On this root filesystem, OpenShift applies additional security restrictions:
- Linux File Sytem [DAC](https://en.wikipedia.org/wiki/Discretionary_access_control) (unix permissions)
- SELinux [MAC](https://en.wikipedia.org/wiki/Mandatory_access_control)

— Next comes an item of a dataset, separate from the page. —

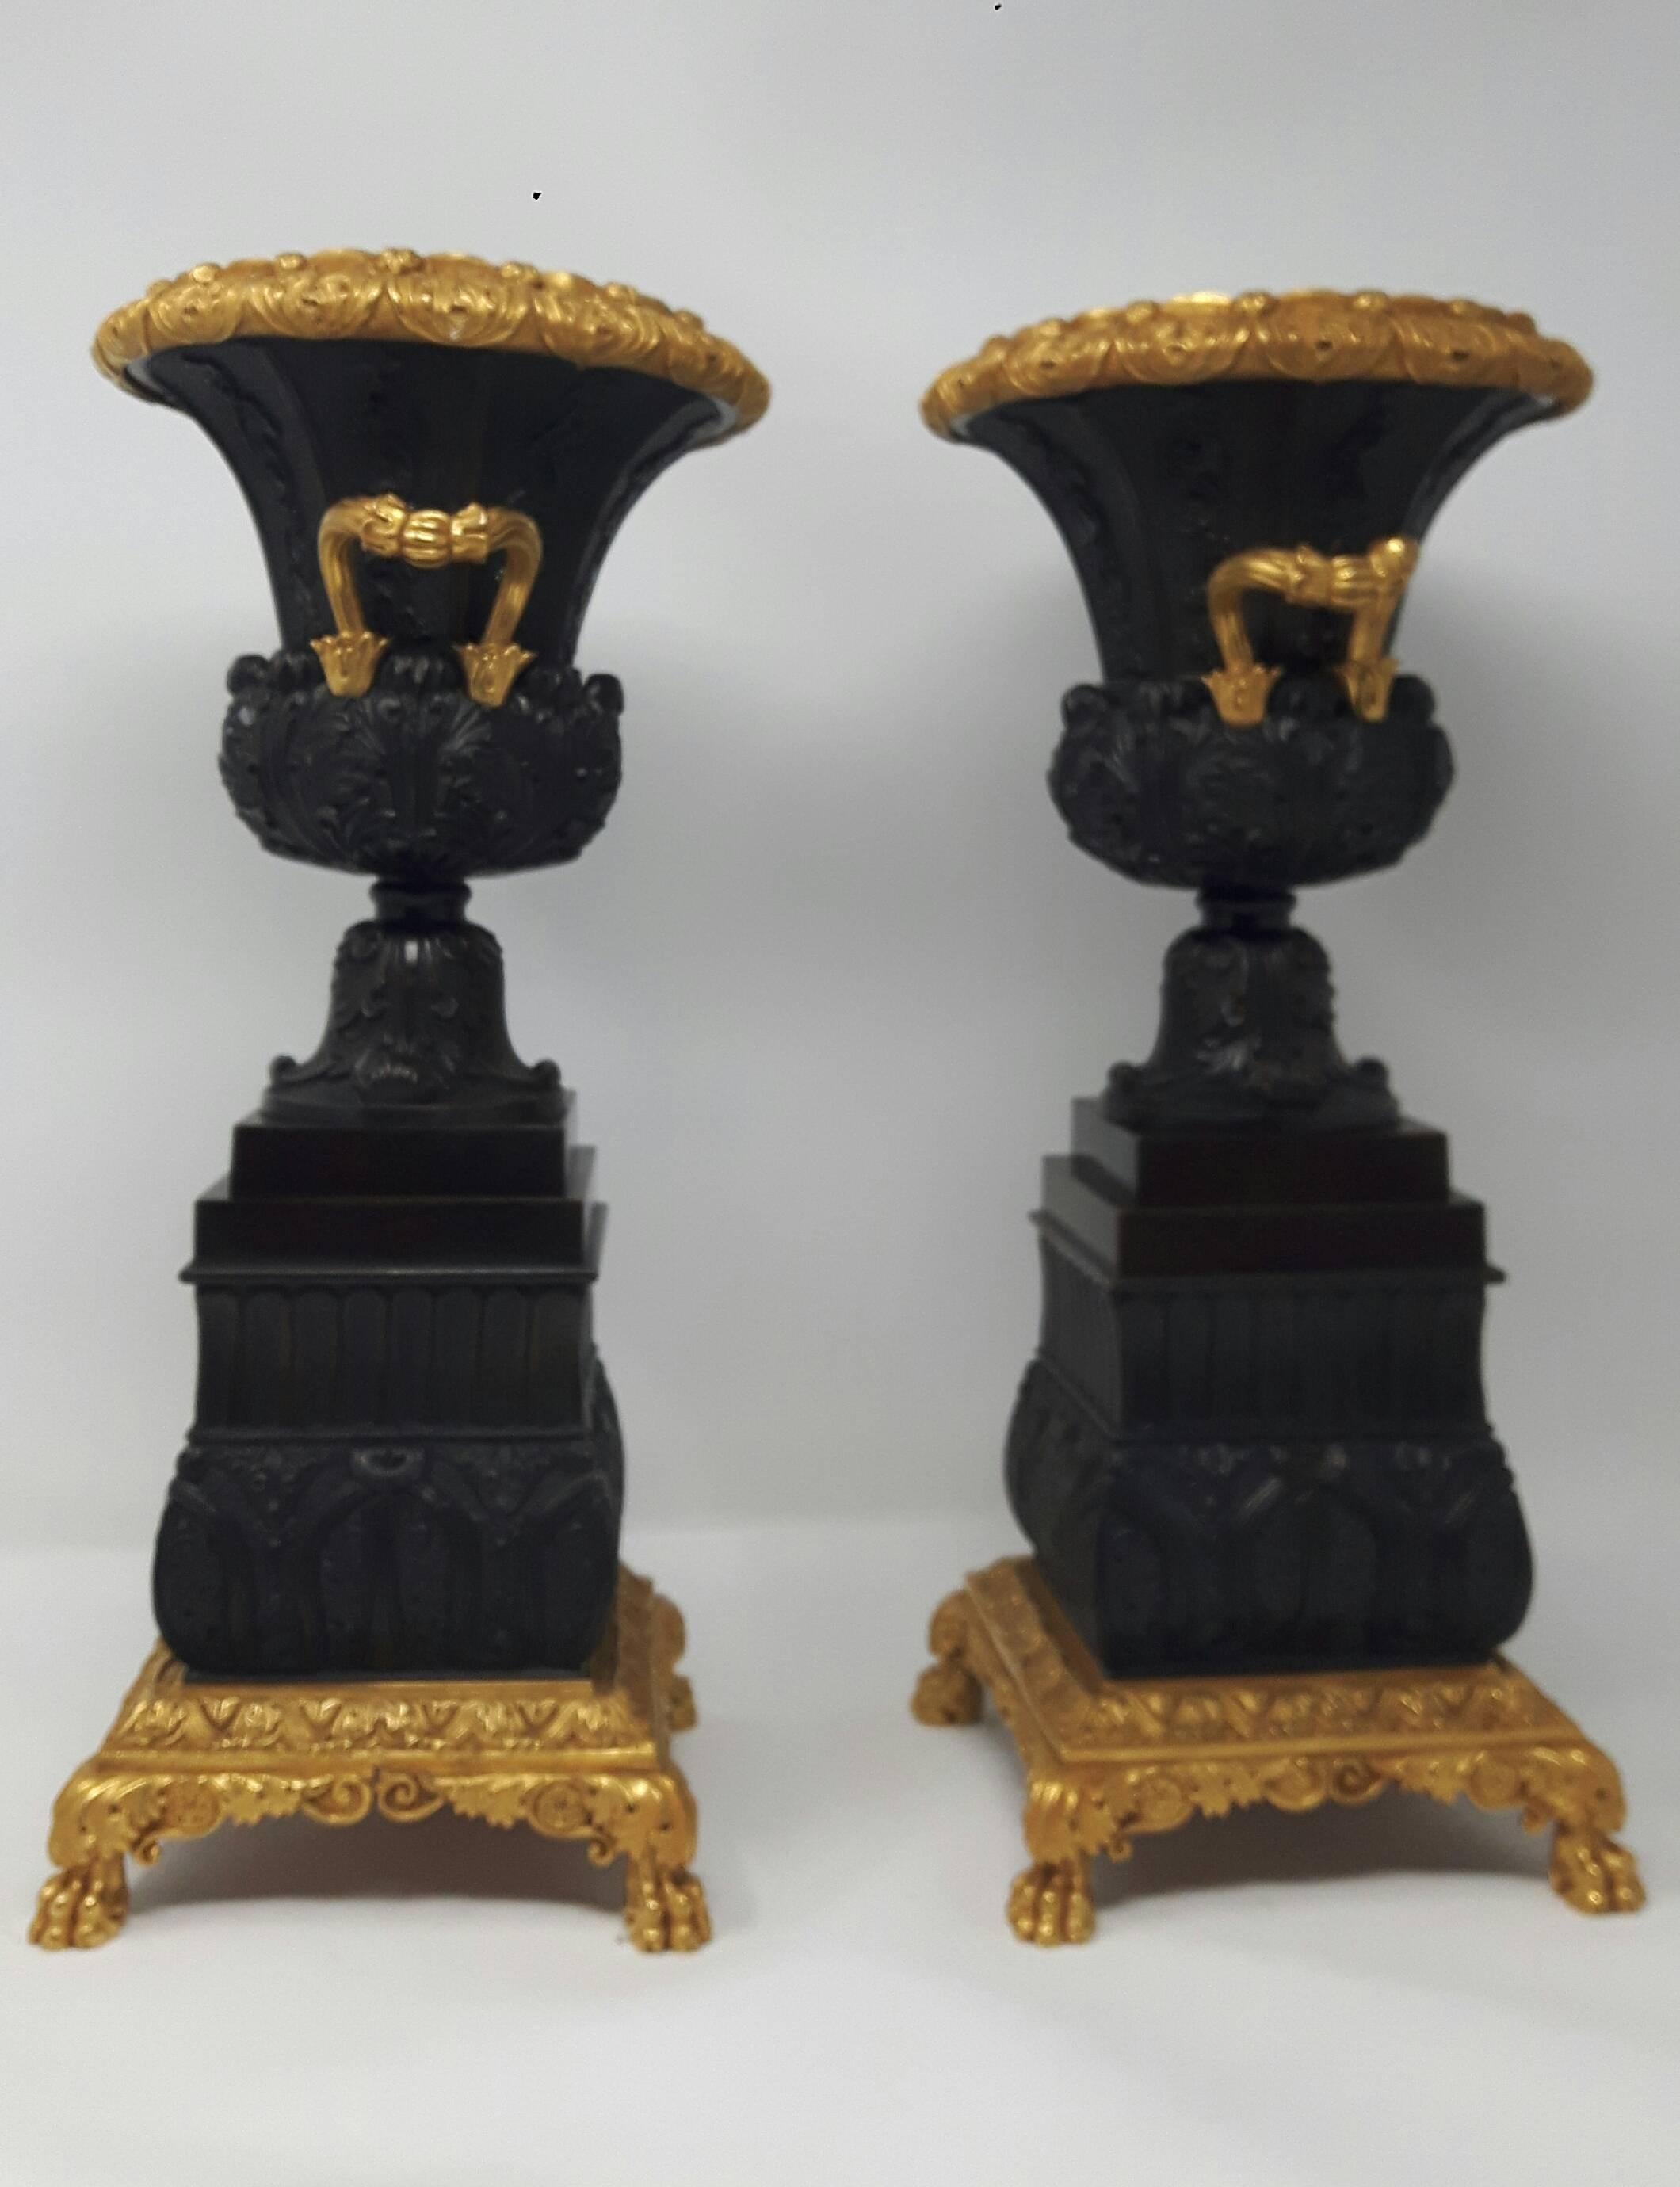 A delicately cast pair of twin handle bronze and ormolu urns in neoclassical style with deep moulded acanthus leaf design and garland of flowers, the entirety resting on gilded lion paws.
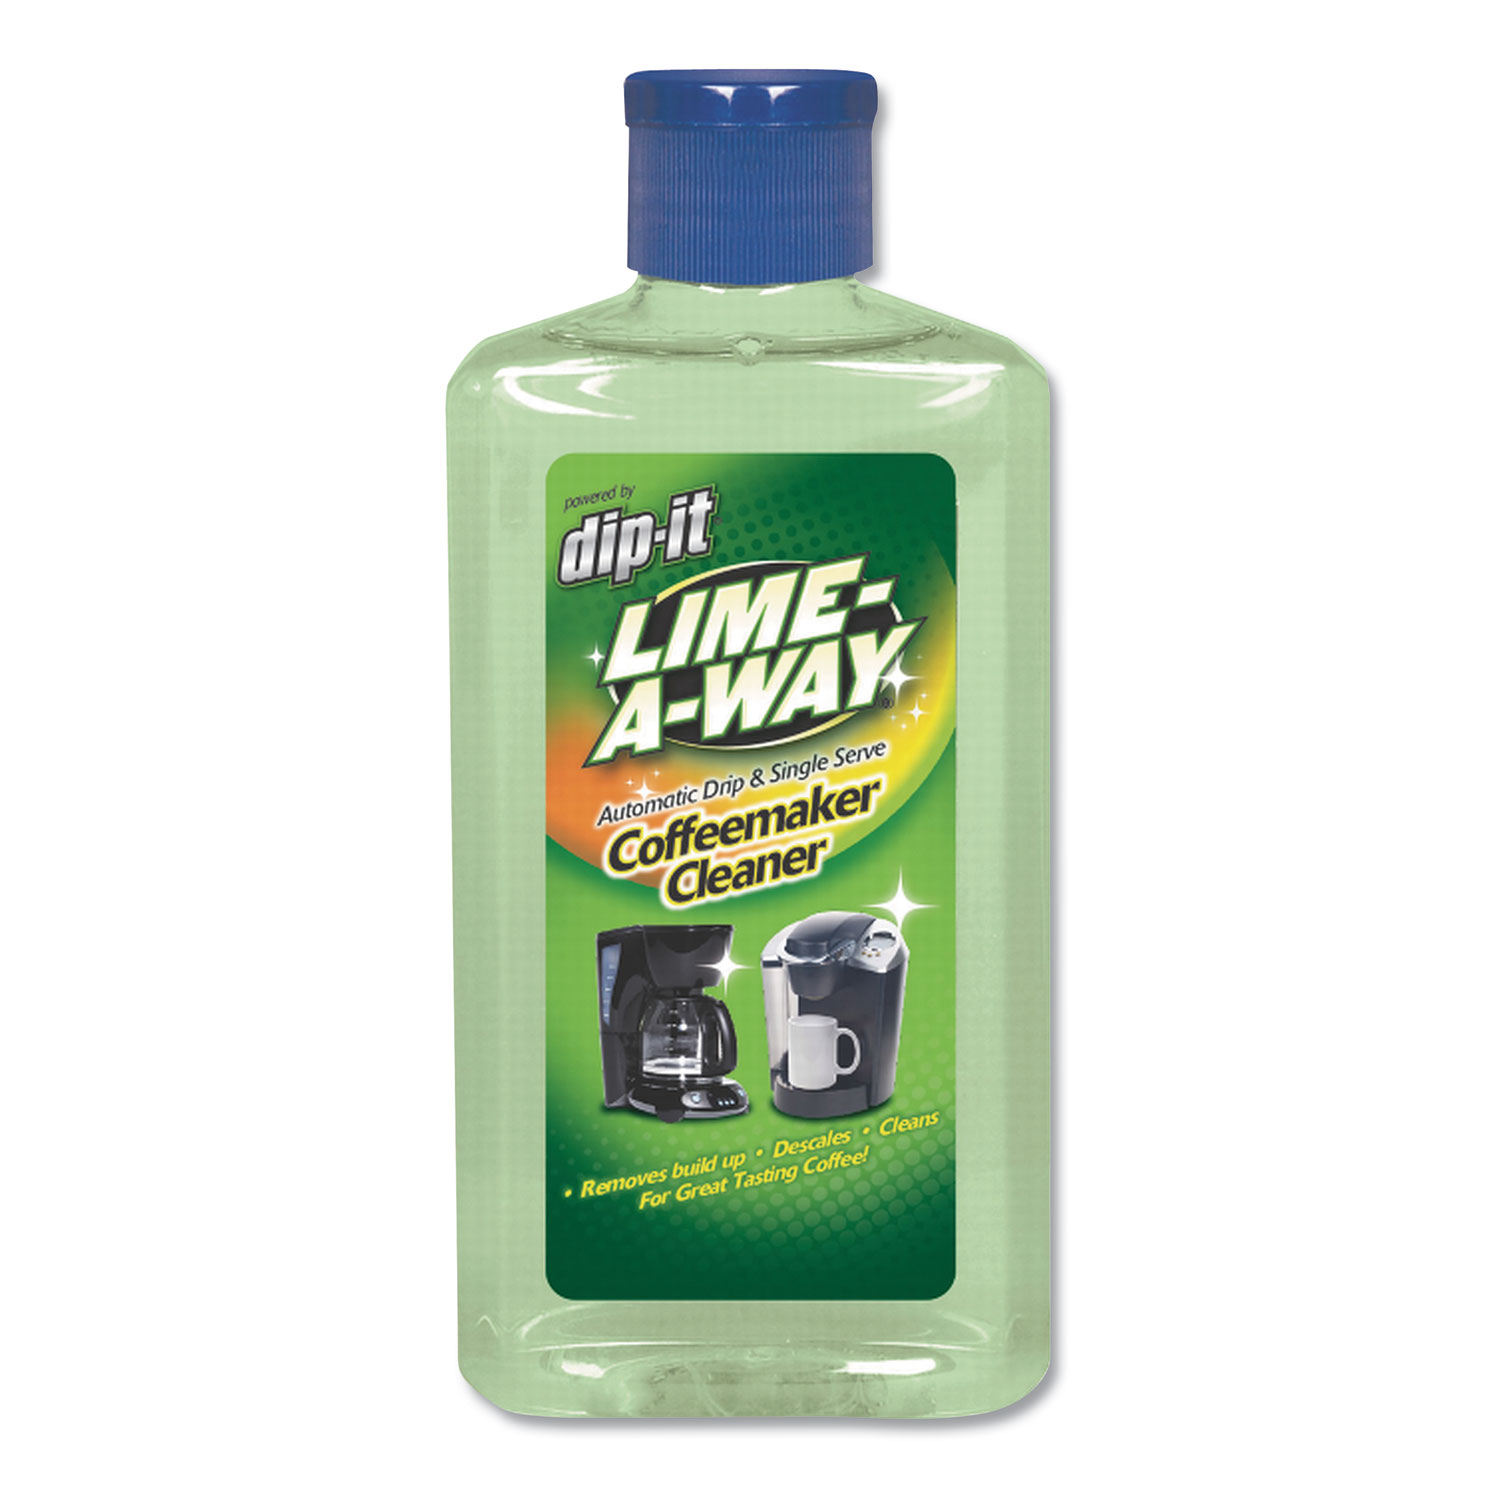  LIME-A-WAY 27443-36320 Dip-It Coffeemaker Descaler and Cleaner, 7 oz Bottle, 8/Carton (RAC36320CT)

- Non-privileged, random UID for the running process
You can easily verify that the root File System is mounted read-write using the
following procedure.
First, create a dummy container based on the RHEL 7.5 image:
```sh
oc new-app --name rootfs registry.access.redhat.com/rhel:7.5
oc patch dc rootfs --type=json -p '[{"op": "add", "path": "/spec/template/spec/containers/0/command", "value": ["/bin/sh", "-c", "while :; do sleep 1; done" ]}]'
```
Watch the container being created:
```sh
oc get pods -w -l app=rootfs
```
Once created, check the container root filesystem mount:
```sh
oc rsh $(oc get pods -l app=rootfs -o name|tail -n 1) mount |head -n 1
```
You should get something like this:
```raw
overlay on / type overlay (rw,relatime,context="system_u:object_r:svirt_sandbox_file_t:s0:c4,c27",lowerdir=/var/lib/docker/overlay2/l/DOKXVDUEKEI37AXQ7HKYX54UGF:/var/lib/docker/overlay2/l/F6L6WHTZAHKPX722FPFCSPJR7Z:/var/lib/docker/overlay2/l/AZIFQJPO3T2VMKKXOLDVL4Y7RI,upperdir=/var/lib/docker/overlay2/2b1a55df9f0b3d935d2c92ea324d79ccfac956a1be469f82662f8305419c615a/diff,workdir=/var/lib/docker/overlay2/2b1a55df9f0b3d935d2c92ea324d79ccfac956a1be469f82662f8305419c615a/work)
```
The root file system is mounted as read-write.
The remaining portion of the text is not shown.